Queermance Anthology, Volume 2 Read online




  QUEERMANCE VOLUME 2

  edited by

  LINDY CAMERON

  SEXY, EROTIC, ROMANTIC, QUEER

  AUSTRALIAN WRITING

  Queermance Anthology Volume 2

  Queermance Volume 2 - which coincides with the celebration of Melbourne’s second Queermance Literary Festival - is an anthology of erotically-charged romances from well-known, emerging and aspiring writers.

  Volume 2 features fabulous tales of love and lust by NM Harris, Matthew Lang, Beck Mitchell, JJ Carroll, Lou Kohler, JRF Coates, Renae Kaye, Isabelle Rowan, May Wilson, Marion Adams, Scott Thornby, Nicole Field, EE Montgomery, Dominica Malcolm and Victoria Brown.

  FIRST KISS

  J.J. Carroll

  1.

  It was the dying time.

  Col didn’t want to shiver, didn’t even like the way that stupid thought had wormed its way into his thoughts. Around three in the morning, and everything strangely quiet - not really dark, because it was never completely dark on the ward. Never completely quiet either, but just for that moment there was a stillness, somehow a silence, where there was so rarely a silence. Almost a gap in time. Sebby looked at Col with those big eyes, and the pair of them so still and scared in that moment, both of them weirdly unreal in the faint, green light from the monitors.

  ‘I feel like a fish in a tank. Just swimming around and not knowing I’m in a tank and going nowhere. Maybe it’s better to be a fish and then you never know you’re going nowhere; and it won’t hurt anymore.’
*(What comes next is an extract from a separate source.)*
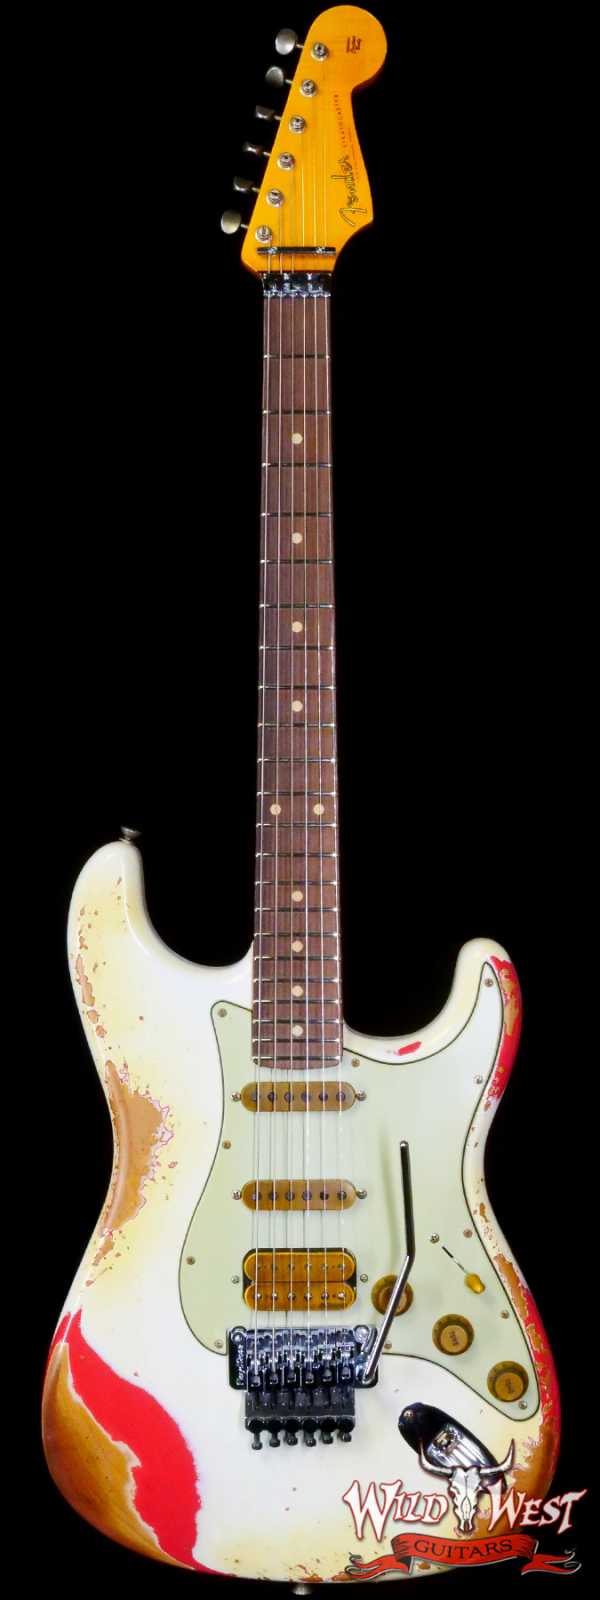 Fender Custom Shop Wild West White Lightning Stratocaster HSS Floyd Rose Rosewood Board 22 Frets Heavy Relic Fiesta Red

  Sebby had said that not long ago, on an early morning such as this, when it was too quiet. And maybe there was something aquarium-strange about the light that had triggered that thought, and maybe it was just the simple helplessness of a kid trapped and scared and dying. It wasn’t like Sebby, though. Sebby was one of the real fighters, one of the stoics; he just kept going, taking anything and everything without complaint, because Sebby just never gave up. He wouldn’t. He’d claw his way through pain and fear every day, and do it because he would not give up a single day of his life without a fight. But now, maybe Sebby had just got to the point where the fight was going out of him, to a place where there was acceptance that he couldn’t fight any longer. Not a happy acceptance, but knowing he’d almost reached the end.
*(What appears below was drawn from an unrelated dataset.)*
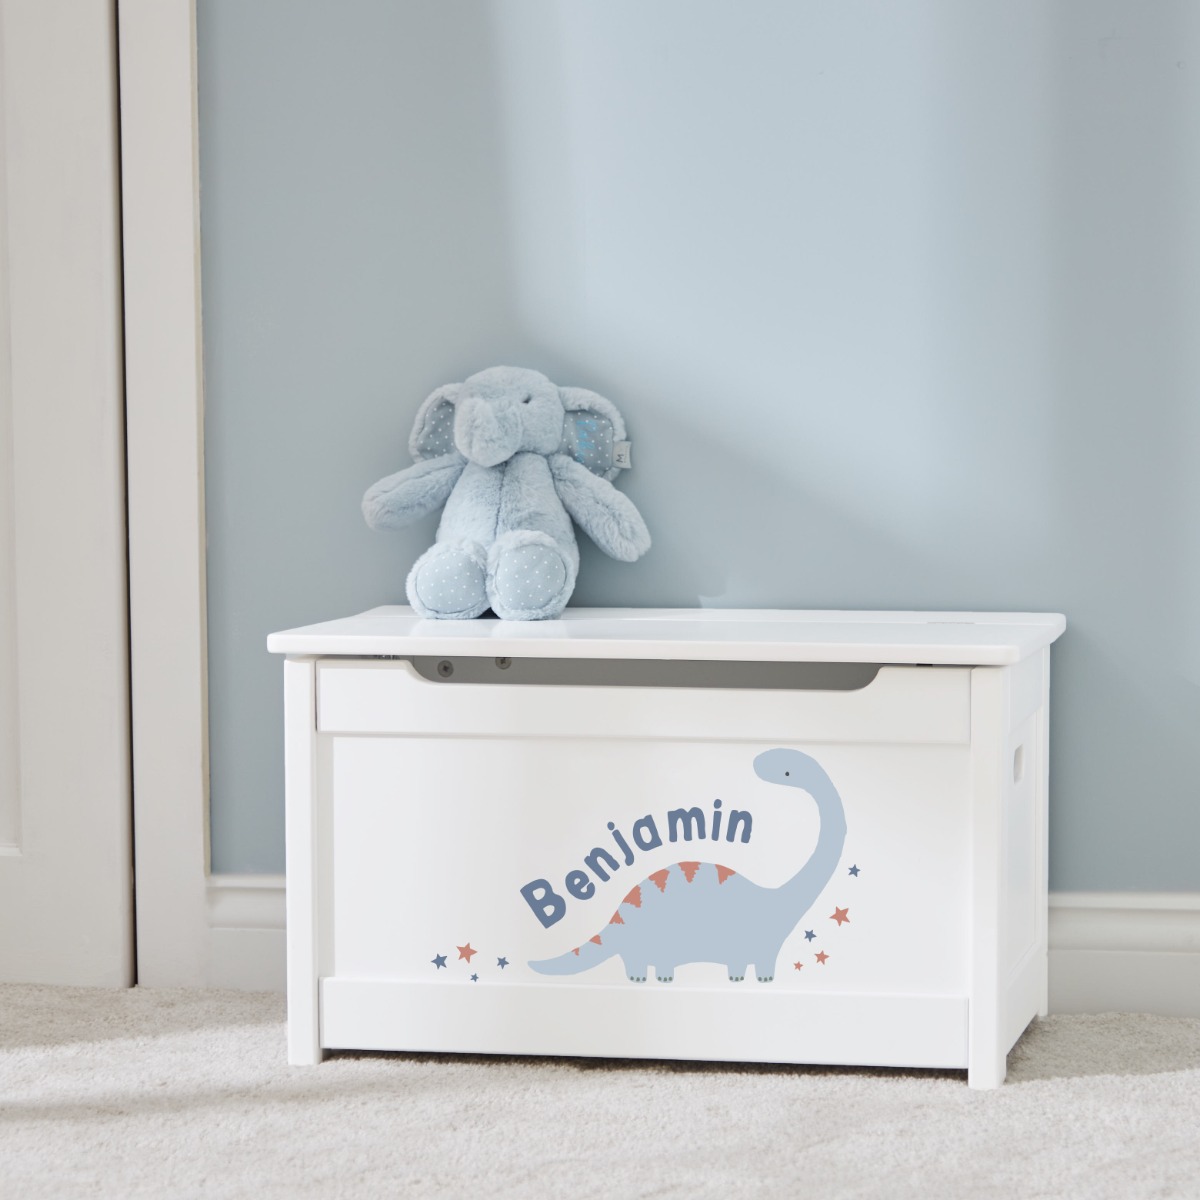 Personalised White One Dinosaur Design Panelled Toy Box

  People always asked Col how he could bear nursing children with cancer. Or else they thought Col was some kind of saint for doing it. What could he say? There was such… bravery about these kids. They dealt with pain, agony, fear, and the possibility of death and they were just so damn brave, and accepting. And so many of them seemed like old souls. A strange thought for a man who wasn’t sure he believed in God, but somehow still believed in souls.

  ‘I want you to kiss me.’

  Col had ignored the words, pretended he didn’t hear them. Sebby was just a kid, a baby, a patient, and Col was his nurse, his caregiver. Kissing most certainly did not come into it, not in any shape or form.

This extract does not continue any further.